A&K’s Liam Dunch on reconfiguring Connections

A&K's Liam Dunch on reconfiguring Connections

Destinations editor Eric Moya spoke with Liam Dunch, Abercrombie & Kent USA’s product manager, Europe, about this year’s revamp of its Connections offerings.

Q: What have been the biggest changes to Connections since the tours launched in 2013, and what was the thinking behind the changes?

A: It’s been a brand that’s been gaining focus until we had this relaunch for 2017. How can we connect an American traveler to the local culture and have a feeling like they’ve experienced a destination rather than just seeing it? So that’s what we’re trying to do with the whole portfolio now.

I think there were visions at the beginning that Connections was going to be sort of a non-A&K product that would appeal to a whole different level of traveler. And I think the realization has been that that’s actually not what we’re doing and not what we want to do. Really, Connections is a product that appeals to the same A&K traveler as our other products, it’s just about the style of travel.

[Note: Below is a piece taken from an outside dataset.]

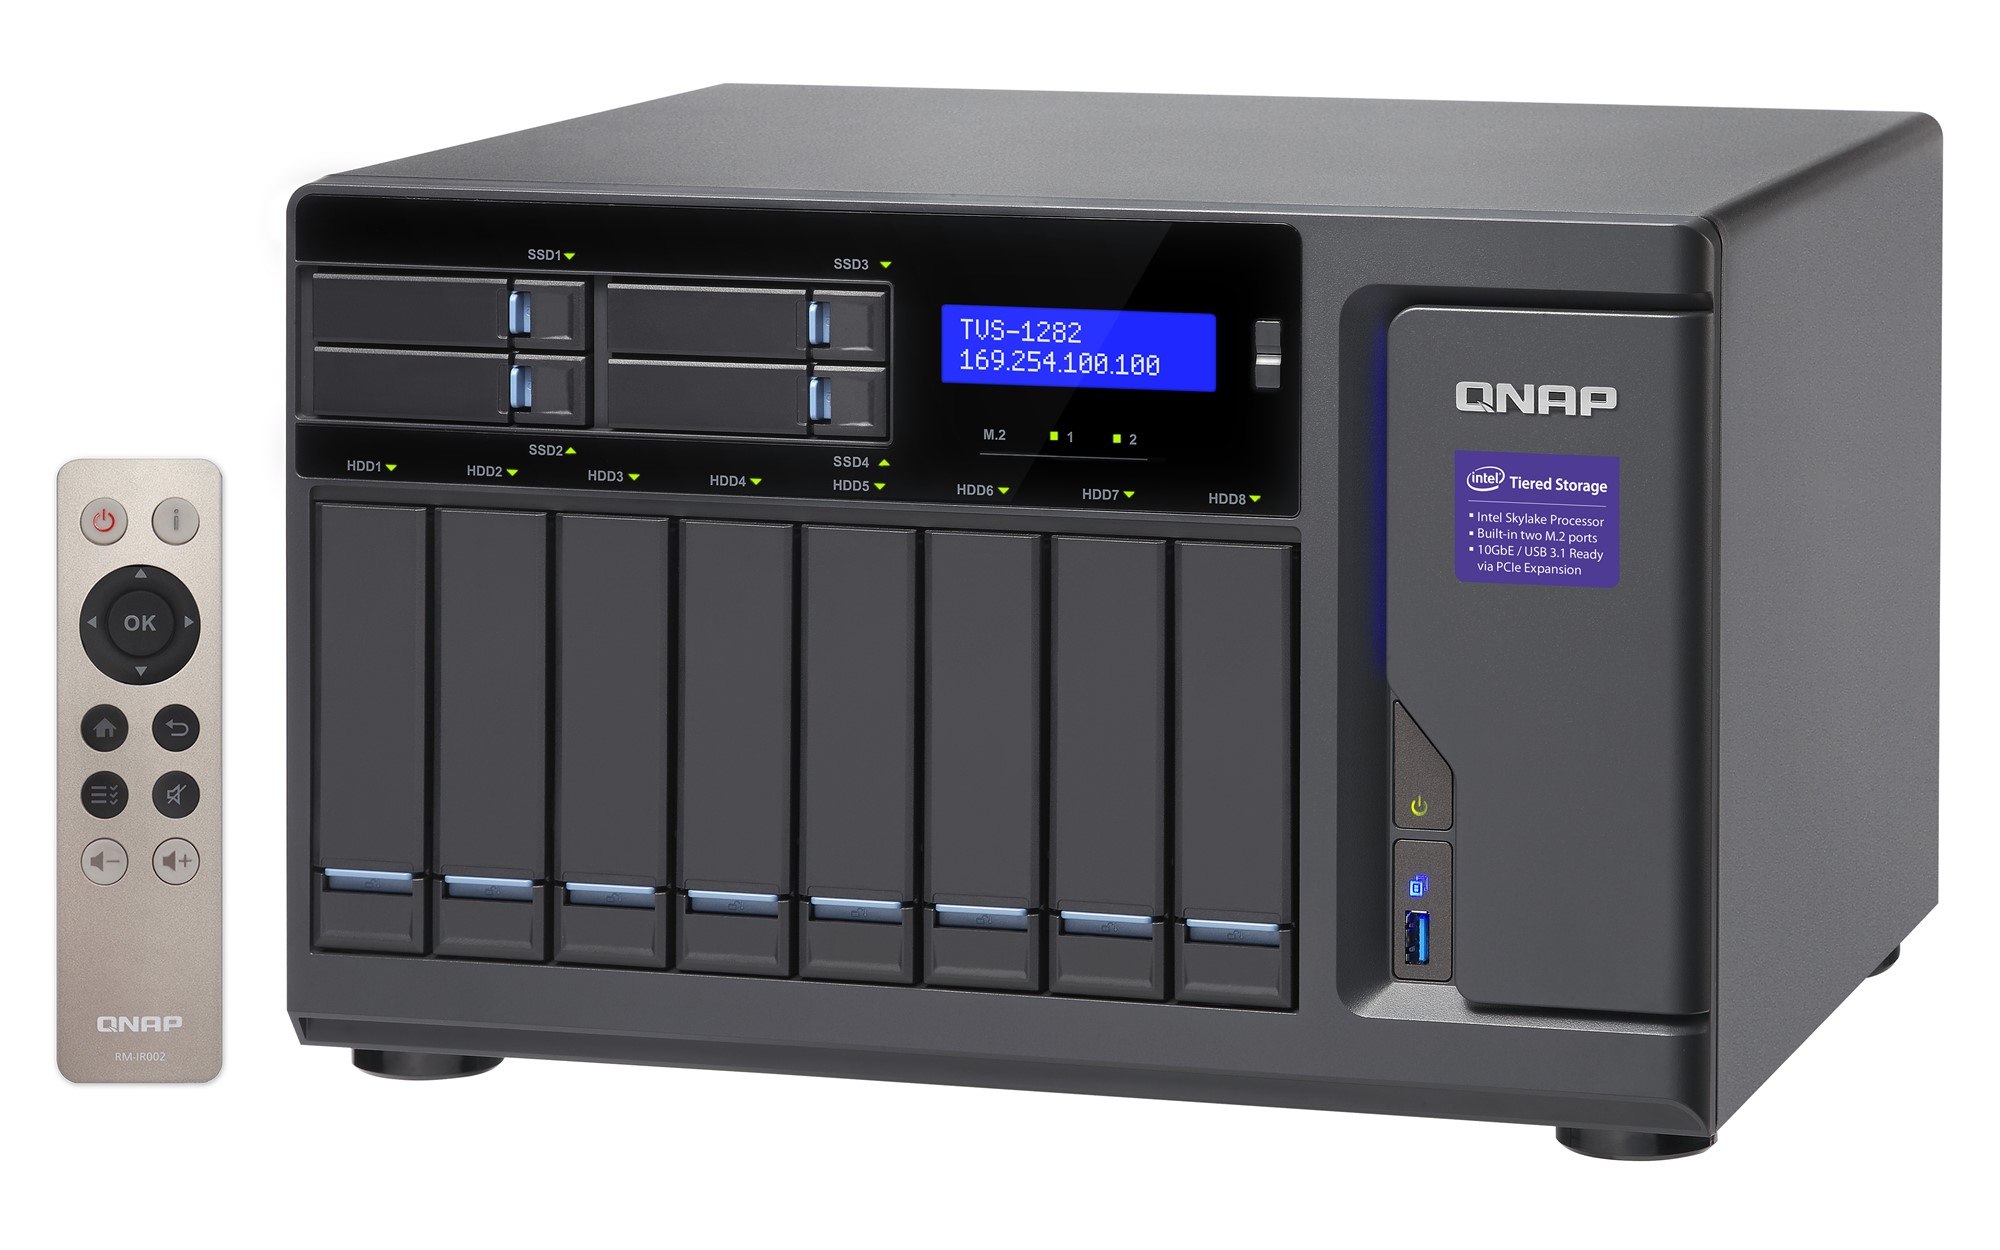 Сетевой RAID-накопитель QNAP 12 отсеков для HDD. Четырехъядерный Intel Core i7-6700 3,4 ГГц, 64 ГБ DDR4 RAM. TVS-1282-I7-64G TVS-1282-I7-64G #5

Q: Is it a challenge to find boutique hotels to accommodate a group of 24?

A: Hotels are always a challenge, in some cities more than others. The targets that we have are between 50 and 150 rooms. The problem is, if you get too small there’s too much competition with FIT travel, and it’s really hard to get hotels that are in the 20- to 30-room range to work with you on a group.

If you get too large, then you’re in competition with other, much larger tour operators that are bringing groups of 40 to 50 people. And we don’t want to be with them. We want the guests to feel almost like they’re traveling individually.

Q: I was struck by how much free time the tour included.

A: The goal is to have generally at least a half-day free every two or three days. It’s not a homogenous group; it’s a group of individuals traveling together, and they all have different interests. So when you’re in a major city like Madrid or Seville, you don’t want to dictate everything that everybody does. Individuals need space to explore on their own. It’s a crucial part of the design of the tour: to allow those individual experiences to develop, to unfold.